En Écosse, le gin menace le whisky

Des centaines de nouvelles variétés de gin sont ainsi apparues sur le marché récemment. « Depuis 300 ans que la boisson existe, on n’a jamais eu un choix aussi important de gins », souligne Olivia Williams, qui a conceptualisé le terme de «ginaissance» dans son livre Gin, Glorious Gin . Alors que les ventes de «premium gin» ont bondi de 49 % ces deux dernières années, selon le cabinet de consultants CGA, certains évoquent même un deuxième «Gin Craze» (folie du gin), du nom de la célèbre période du début du

XVIII e siècle, où le Royaume-Uni est devenu complètement fou de gin. À l’époque, la décision de Guillaume III d’Orange-Nassau, roi d’Angleterre, d’encourager la production de gin pour concurrencer le cognac français avait dépassé toutes les attentes, entraînant une cuite géante sur plusieurs décennies.

Facile à produire, le gin a tellement plu à la classe ouvrière que le gouvernement a dû voter plusieurs lois pour mettre fin aux scènes de beuveries et de débauche. « Le pays a connu une crise de « binge drinking » qui a duré près de 60 ans, avant que le gouvernement ne siffle la fin de la partie », rappelle Olivia Williams. Si on n’en est pas là aujourd’hui, l’indéniable bonne santé du gin se vérifie à travers tout le Royaume-Uni.

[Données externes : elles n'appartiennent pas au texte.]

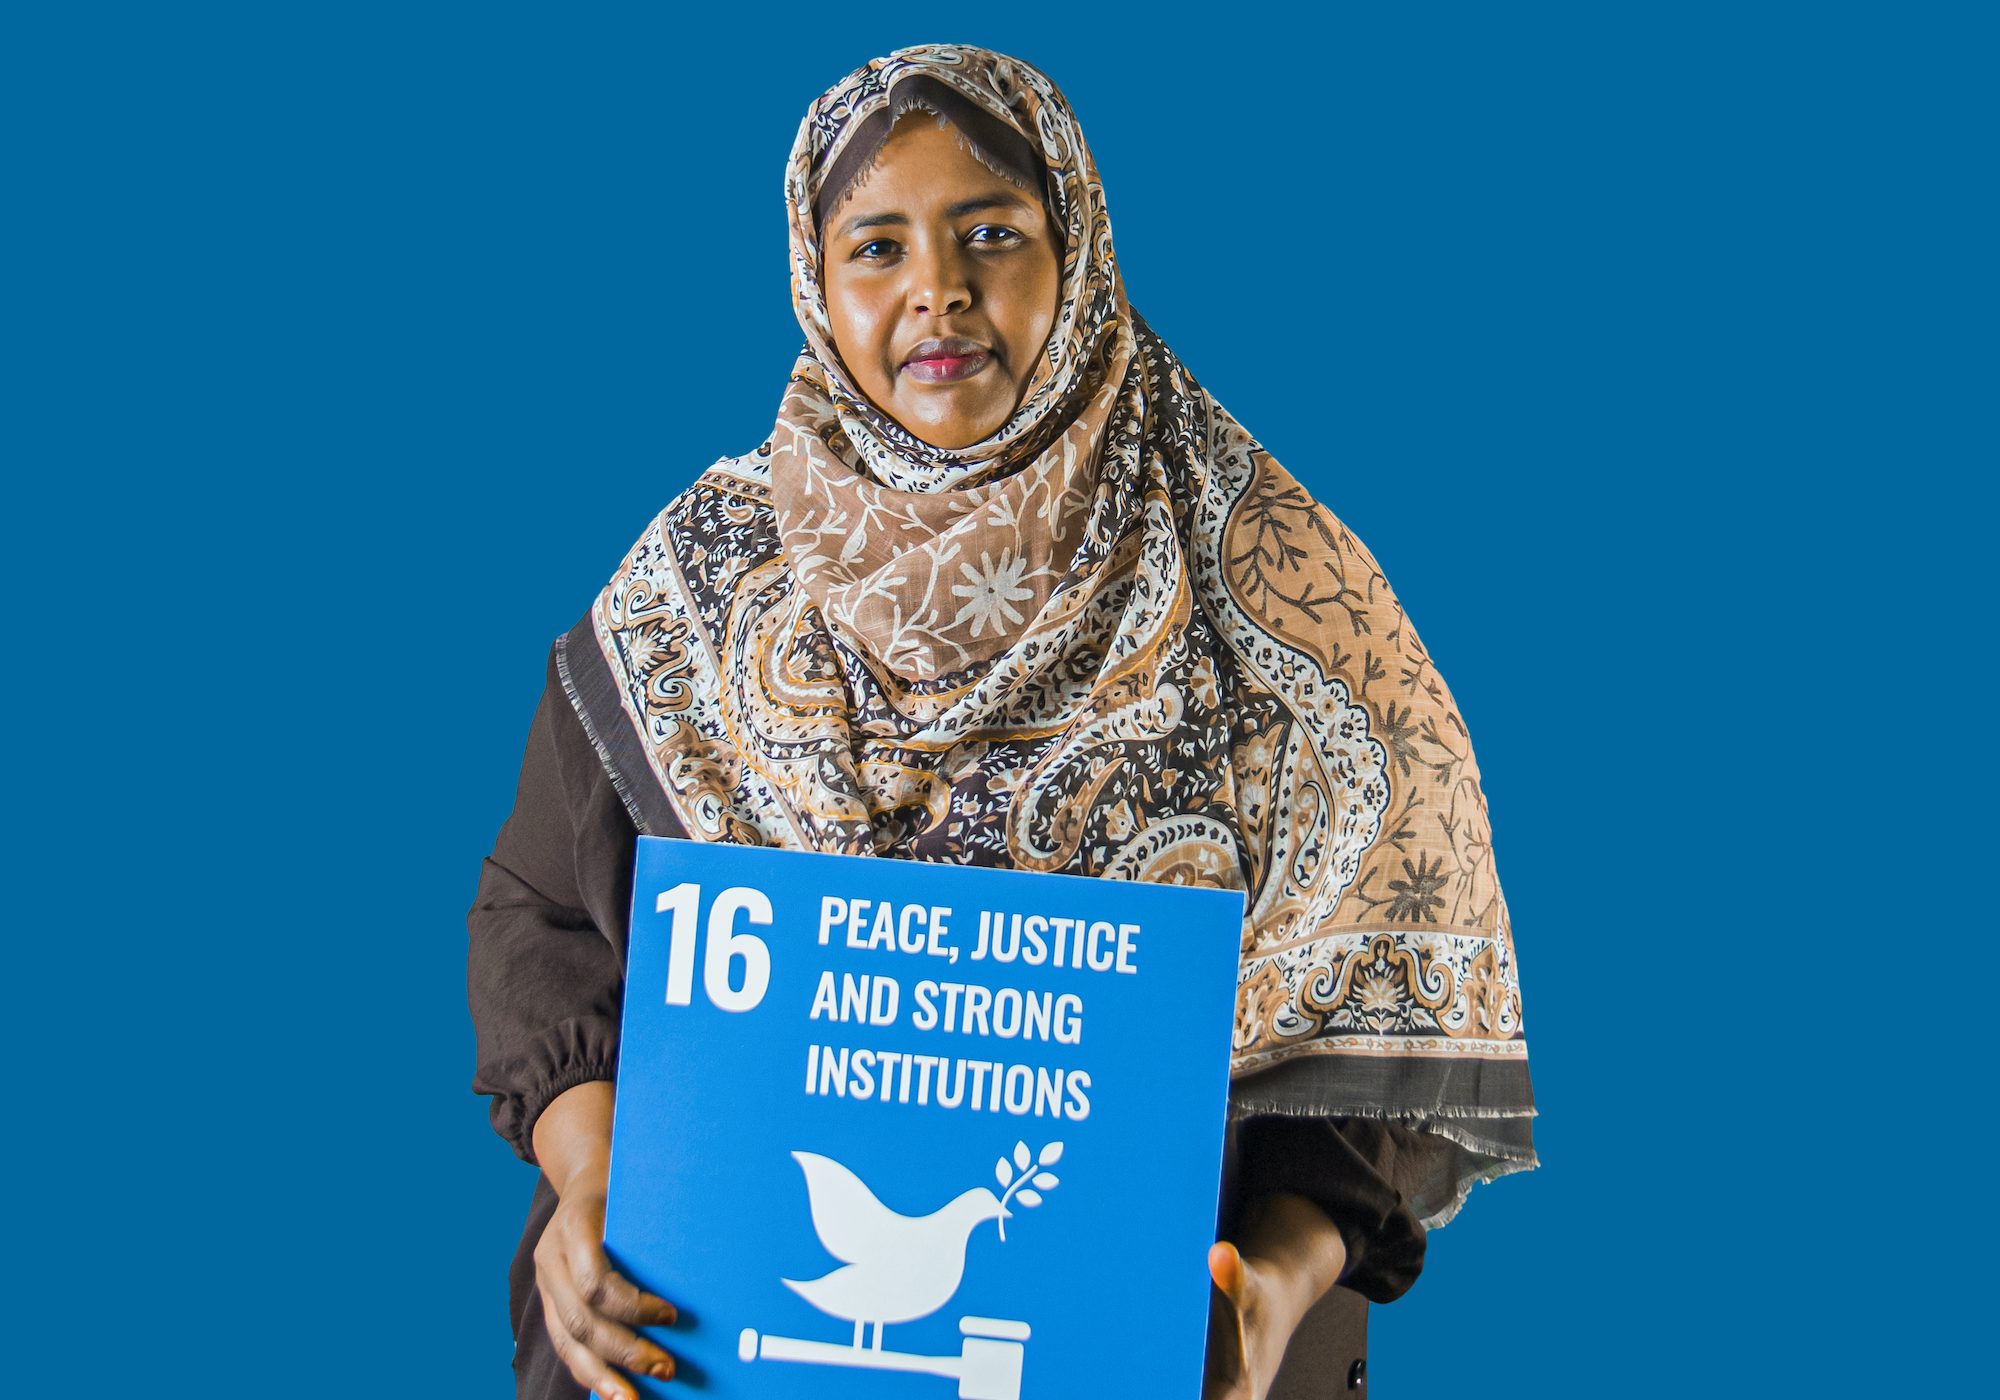 Woman holding up sign showing Global Sustainable Development Goal 16, peace, justice and strong institutions.

Dans les berceaux historiques de Londres et de Plymouth, évidemment. Mais aussi en Écosse, qui produit pas moins de 70 % de toute la production britannique et où le gin serait, selon certains spécialistes, en train de détrôner le whisky au rang de boisson nationale. À Londres, c’est le distillateur Sipsmiths qui a donné le coup d’envoi en ouvrant, en 2009, le premier alambic en cuivre en près de 200 ans dans la capitale.

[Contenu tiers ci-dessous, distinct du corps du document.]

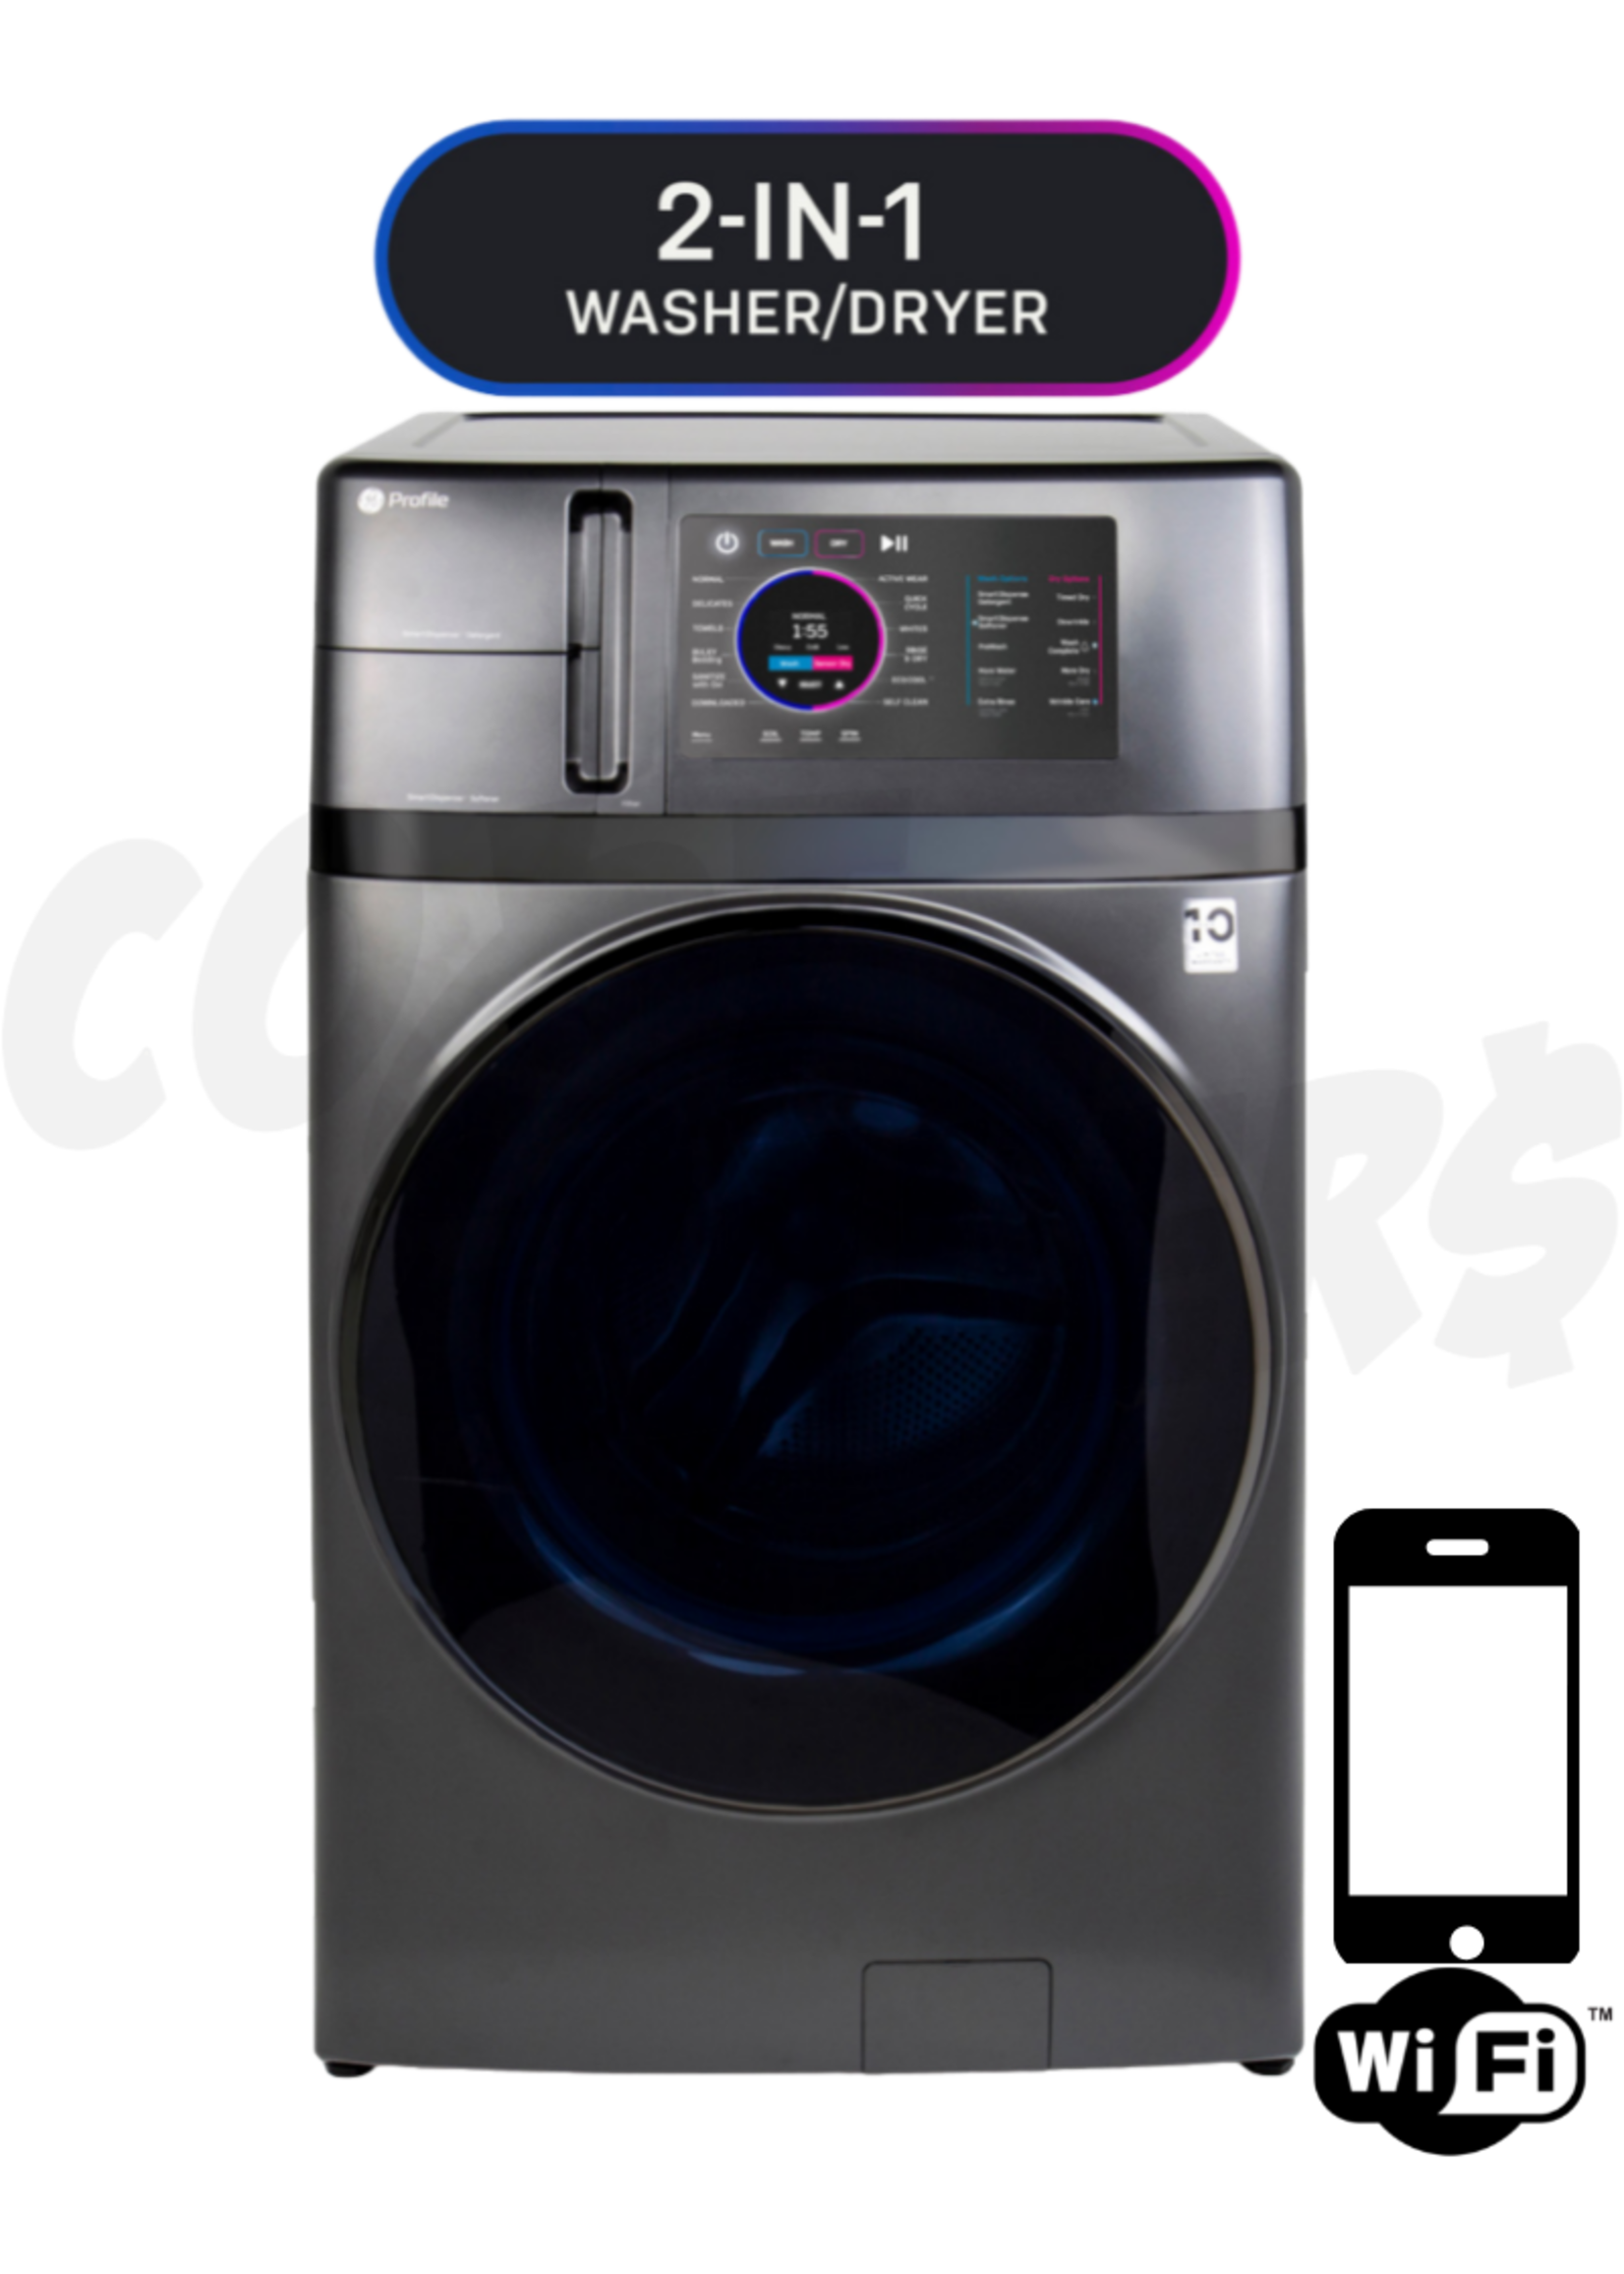 G.E G.E. Profile 4.8 cu. ft. Capacity Washer & Electric Dryer in 1

Depuis, ils sont plusieurs à avoir suivi son sillage. Jonathan Clark a ouvert en 2012 la City of London Distillery, où on peut siroter un cocktail en admirant «Clarissa» et «Jennifer», deux grands alambics de fabrication allemande. « Les gens sont devenus très curieux. Ils veulent savoir ce qu’il y a dans leur verre. Avant, on se contentait d’un gin tonic avec une tranche de citron moisi et deux glaçons. Aujourd’hui, avec l’explosion du gin, on en veut davantage », souligne Alfie Amayo, un représentant de la City of London Distillery.

« Ça fait trois ans que je viens et j’adore », commente un client, Mark Butler, 50 ans, qui a commencé à s’intéresser à « la tradition du gin britannique » et possède 20 variétés différentes de gin chez lui. Selon la société d’analyse des marchés Nielsen, le marché du gin pèse aujourd’hui 345 millions de livres (480 millions d’euros) au Royaume-Uni et la tendance est à une augmentation de ce chiffre dans les années à venir.